Kumazawa Banzan | Letter

$4,850.00Price

An rare example of a private and early letter by Kumazawa Banzan. The style of writing is casual, informal and unpretentious. A letter to his brother.


Tomorrow Toju* will start his teaching earlier than usual. And thus you should also arrive early. - On the 20th day, signed Kumazawa Ryoukai. 

[*Nakae Toju (1608-1648)]

 

Banzan was the son of samurai family in Kyoto but without any specific allegiance to a feudal lord. At the age of sixteen, he entered the service of Ikeda Mitsumasa (1609-1682) one of the so called enlightened rulers of his generation.

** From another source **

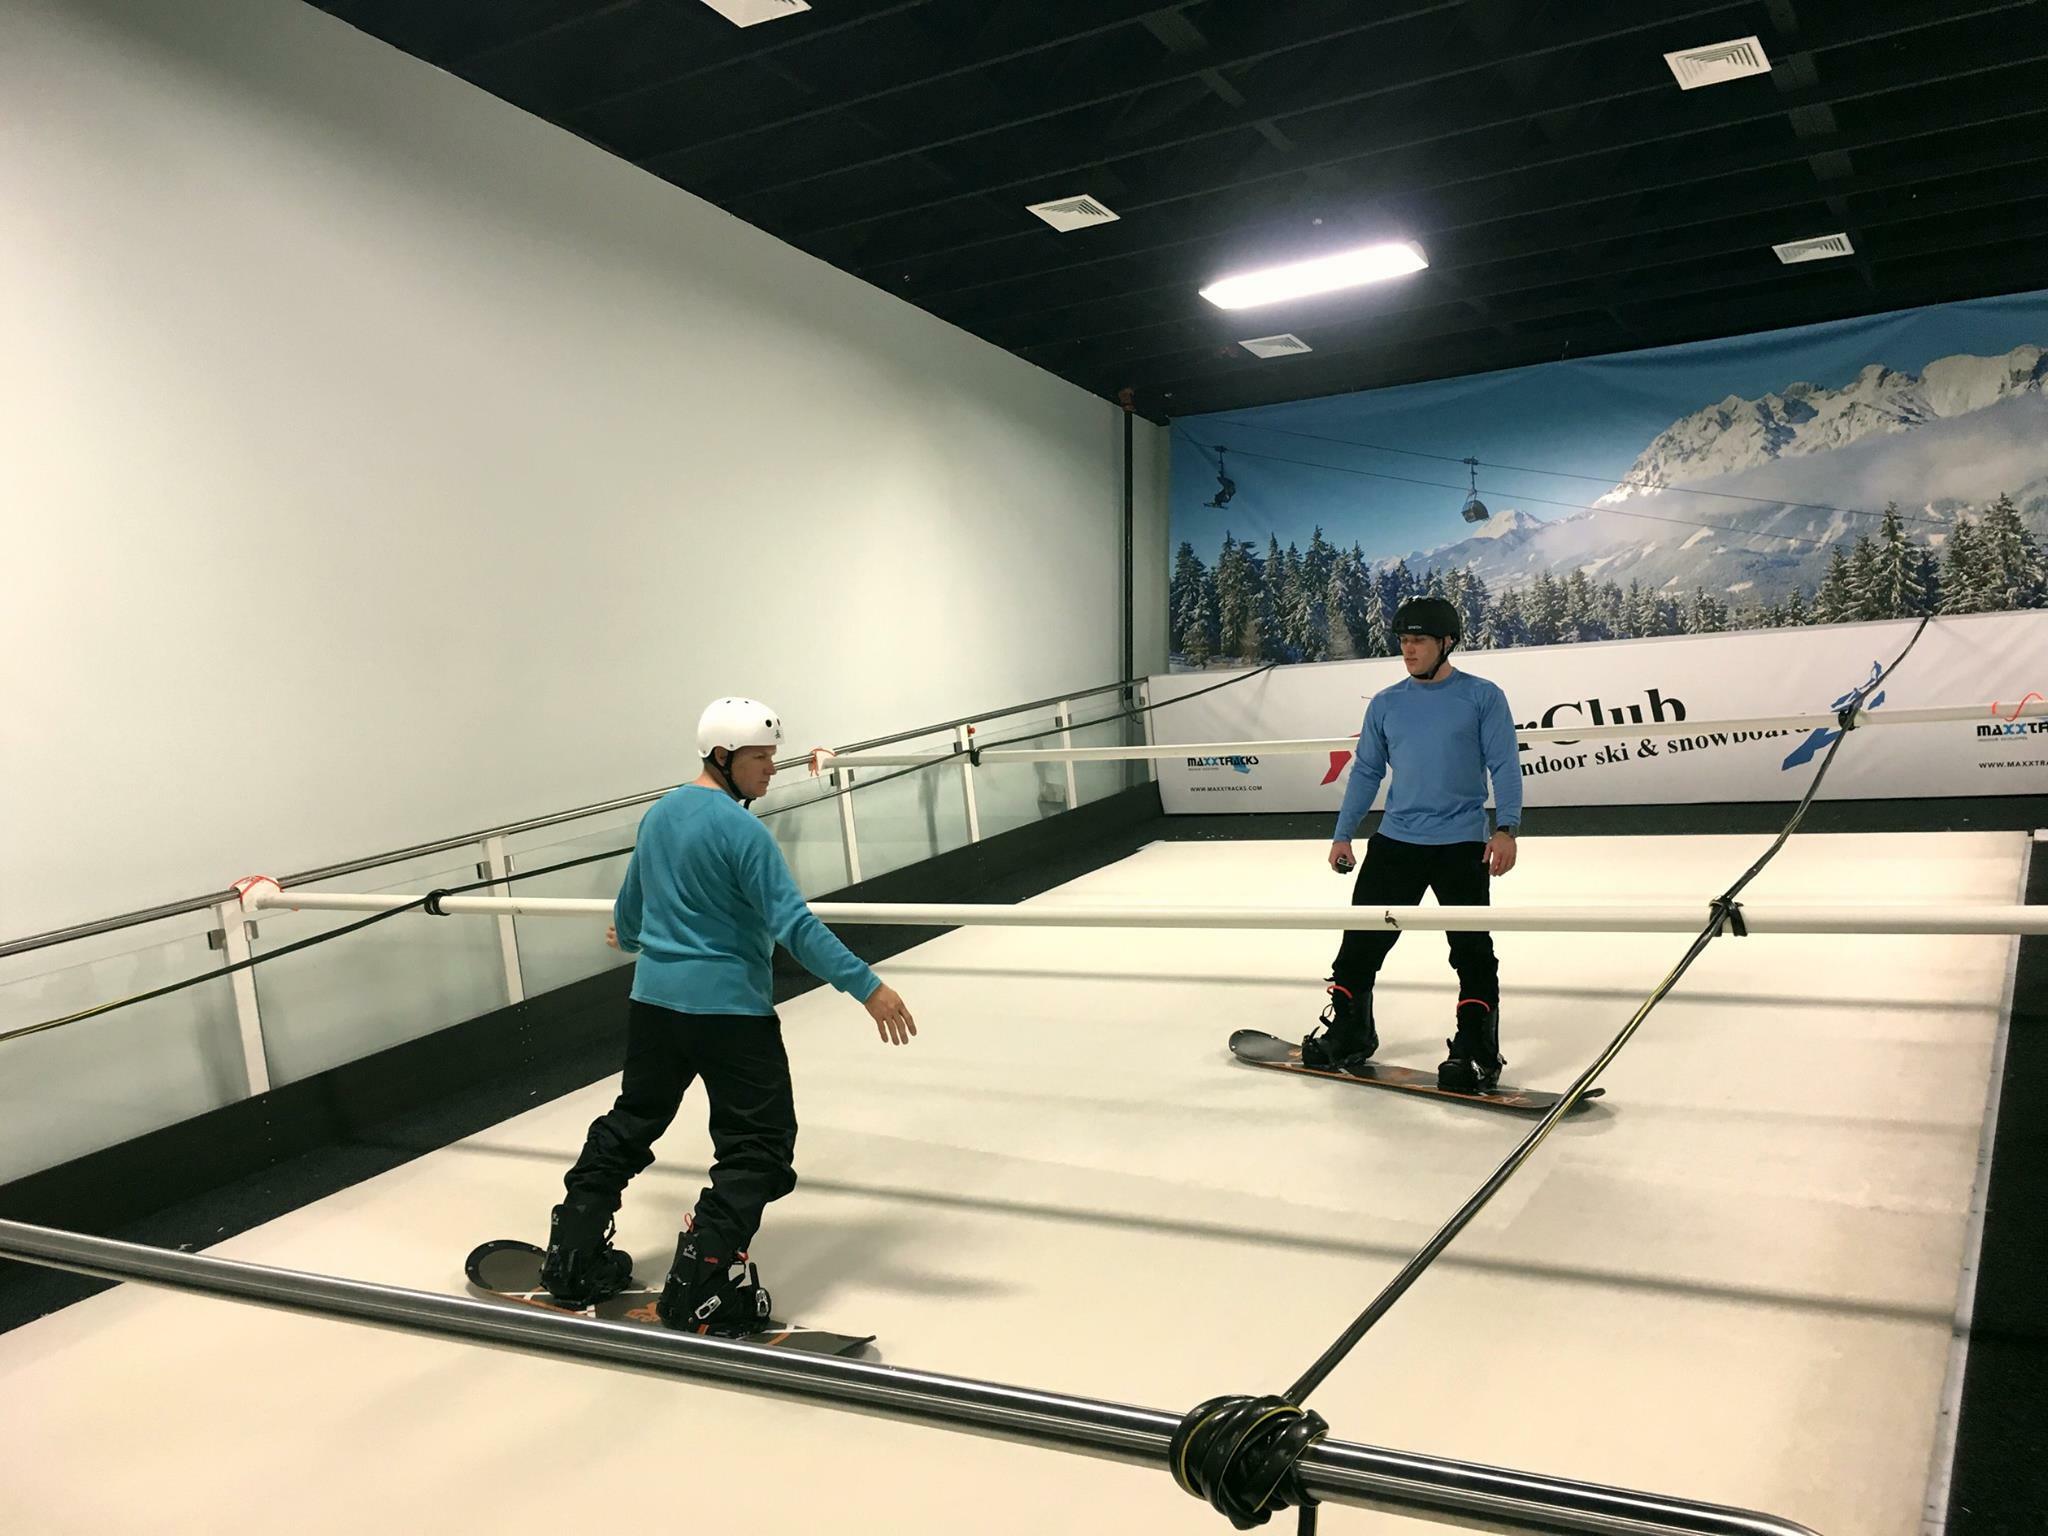 WinterClub Indoor Ski and Snowboard

Mitsumasa was the Confucian minded Daimyo of the Okayama domain (Bizen). At the age of twenty Banzan left Mitsumasa. Beginning in the autumn of 1641, he together with his brother  studied for some six months under the direct supervision of Nakae Toju (1608-1648) in Omi (Shiga) and became his most noted student. Kumazawa returned to Mitsumasa in 1645 and became one of this chief ministers. His increasing fame bred resentment, however, and he was attacked by conservatives who eventually forced him to resign in 1656. From 1660 onwards he used the name Banzan, an artist’s name derived from the Chinese reading of the two kanji for Shigeyama (not far from Bizen, today Okayama Prefecture), and the town where he lived. (Addiss: 77 Dances, p. 109).

 

Also compare this letter to a more formal letter Banzan wrote to Kitaoji Toshimitsu (1642-1718) in the collection of Waseda University Library.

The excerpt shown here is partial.